GIVEN MATERIAL START

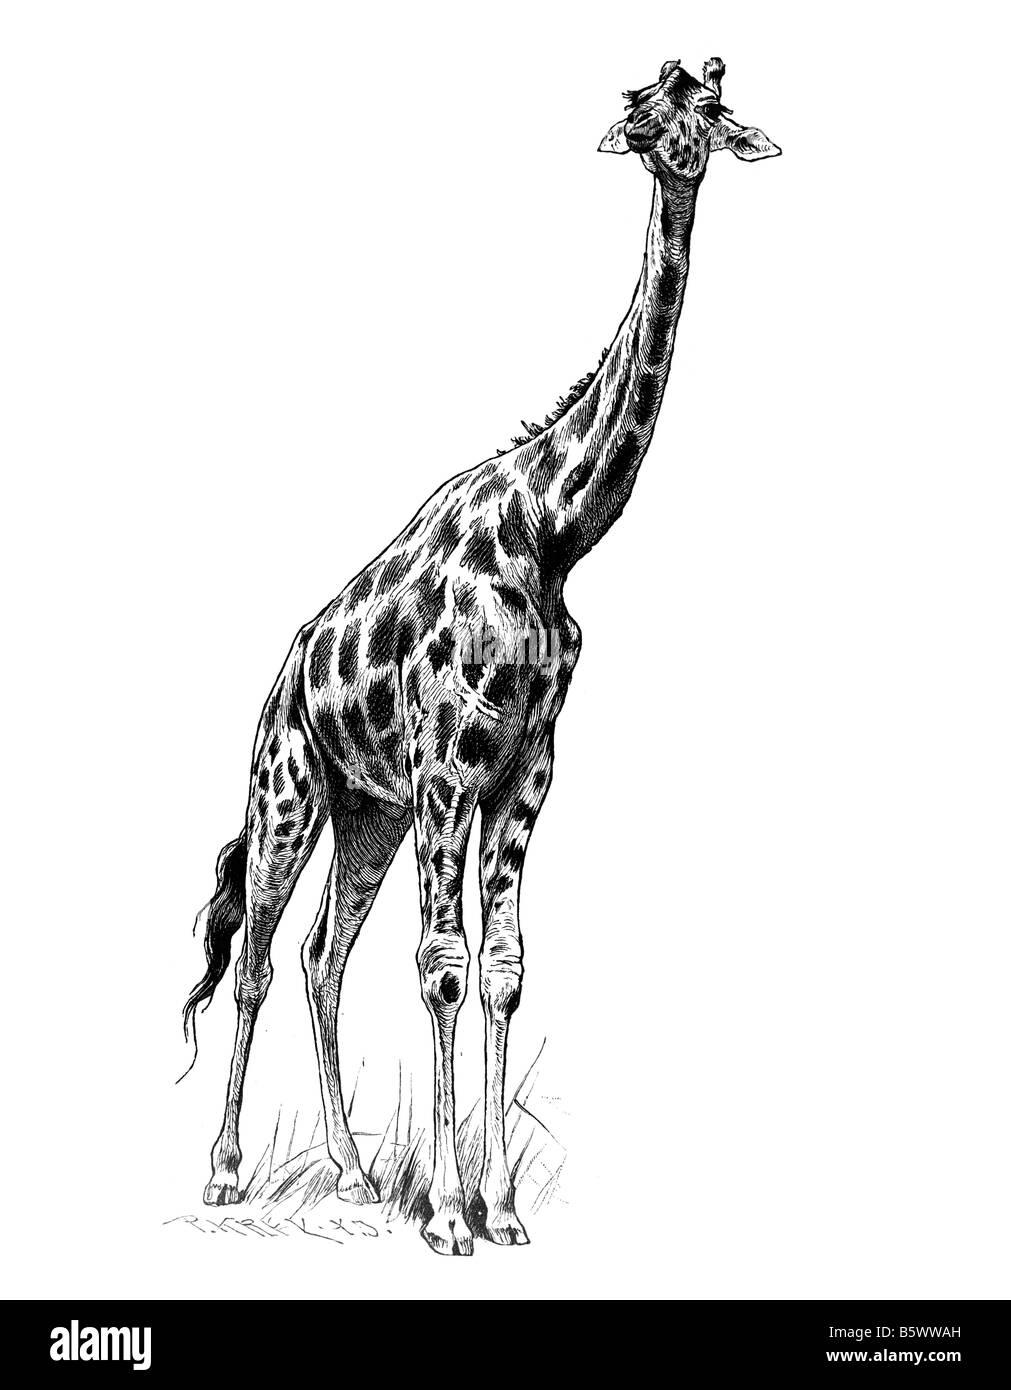 Giraffe (Giraffa Plancius), Familie Giraffidae Gattung Giraffa Stockfoto
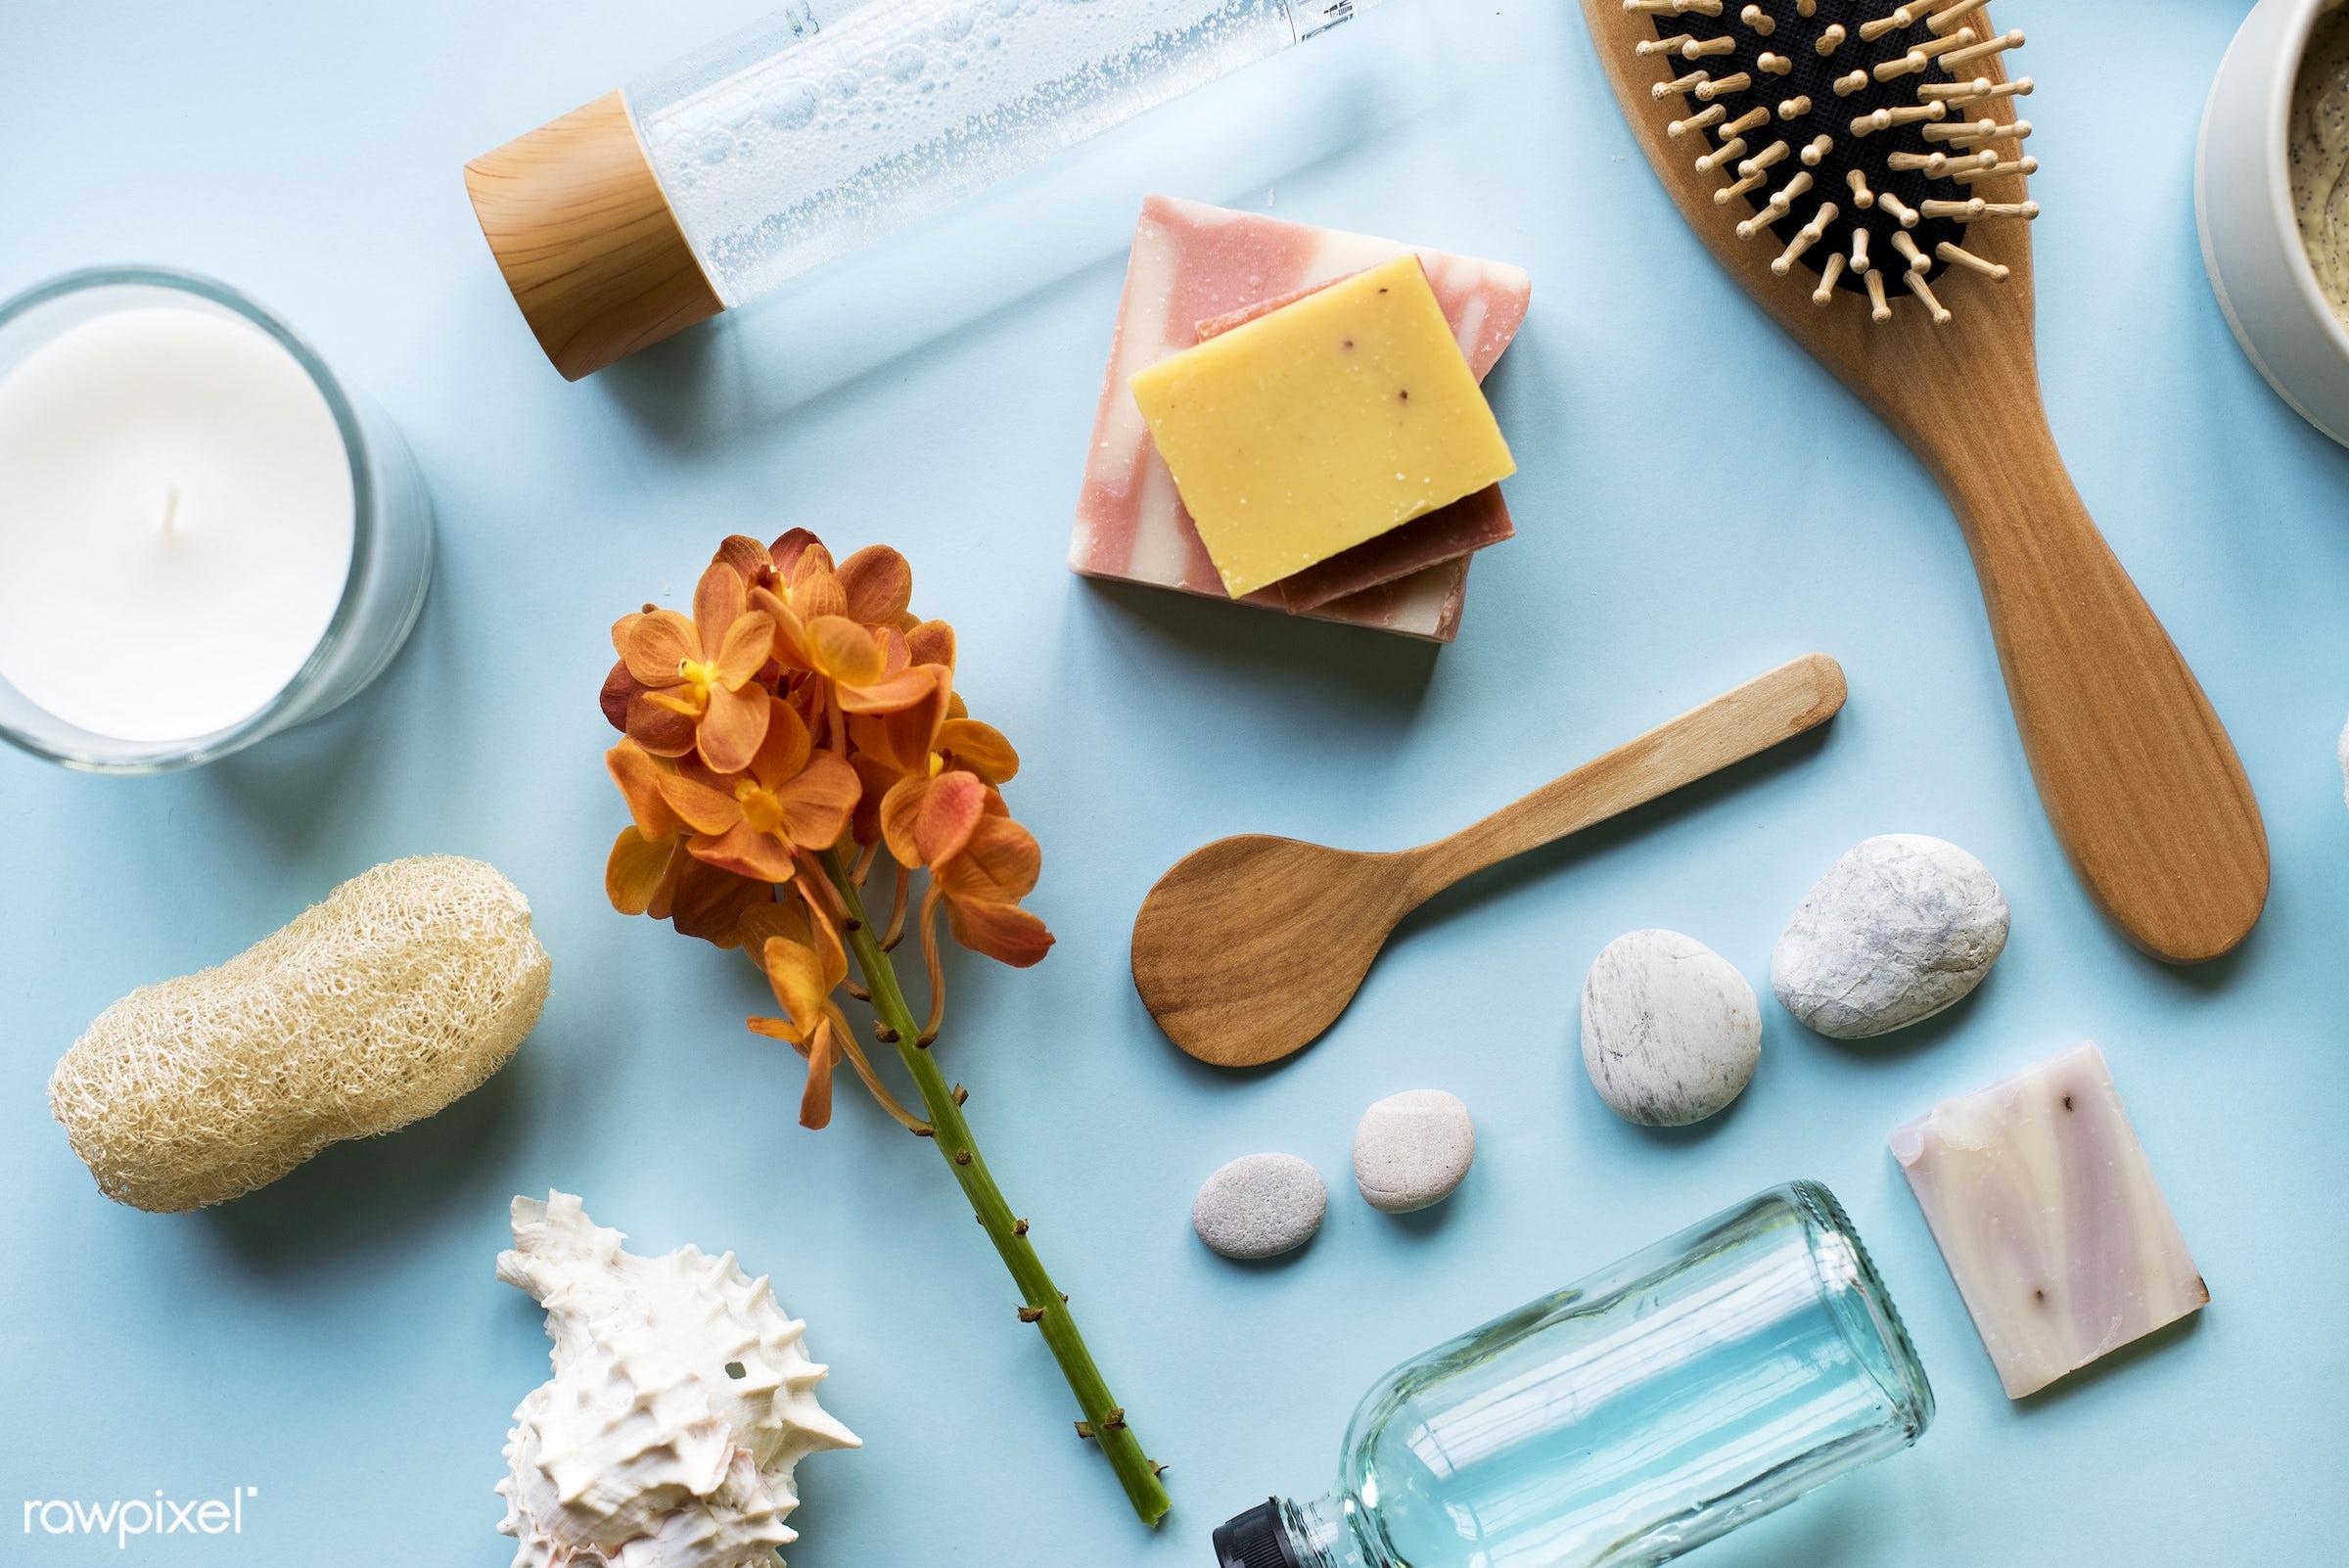 aroma, flatlay, moisturizer, beauty, skin, candle, woman, cosmetics, care, bath, bodycare, spa, aromatherapy, comb, cream,...
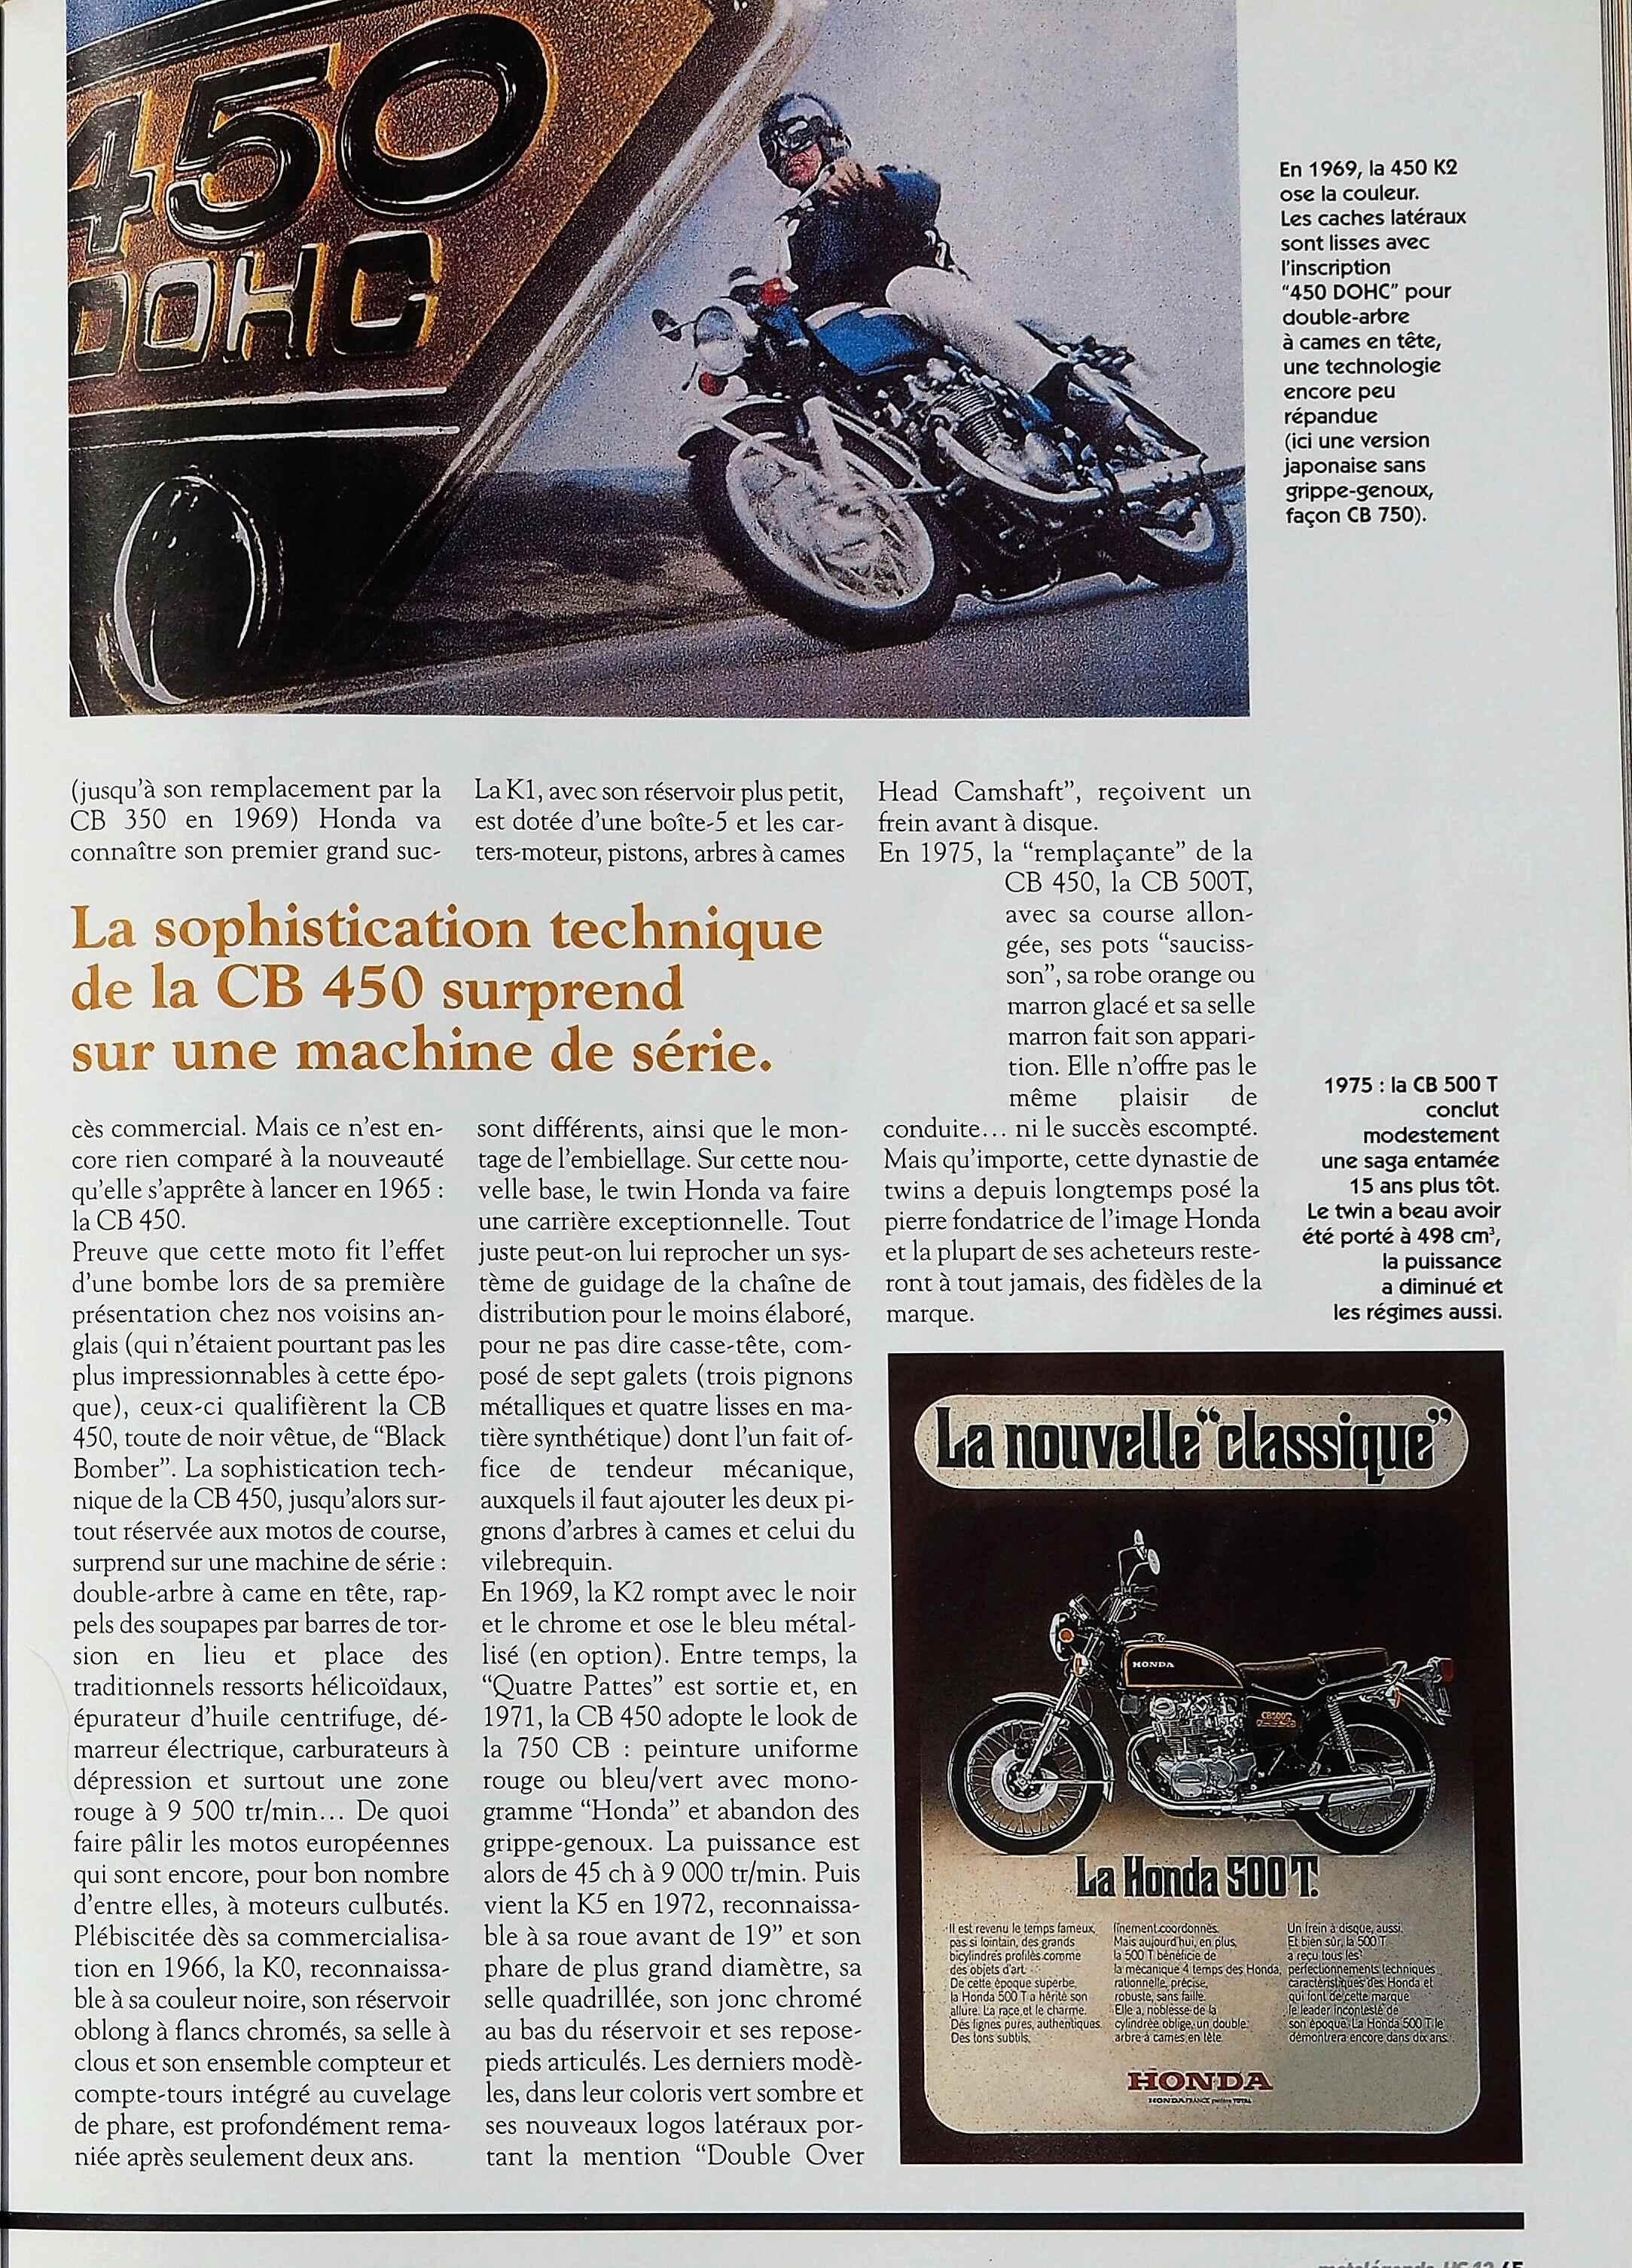 Histoire de la moto. - Page 2 P5091212

GIVEN MATERIAL END

#### WORK ORDER
Every word of the data should be reproduced exactly; please omit any pictures.

#### COMPLETED TASK
 Giraffe (Giraffa Plancius), Familie Giraffidae Gattung Giraffa Stockfoto
 aroma, flatlay, moisturizer, beauty, skin, candle, woman, cosmetics, care, bath, bodycare, spa, aromatherapy, comb, cream,...
 Histoire de la moto. - Page 2 P5091212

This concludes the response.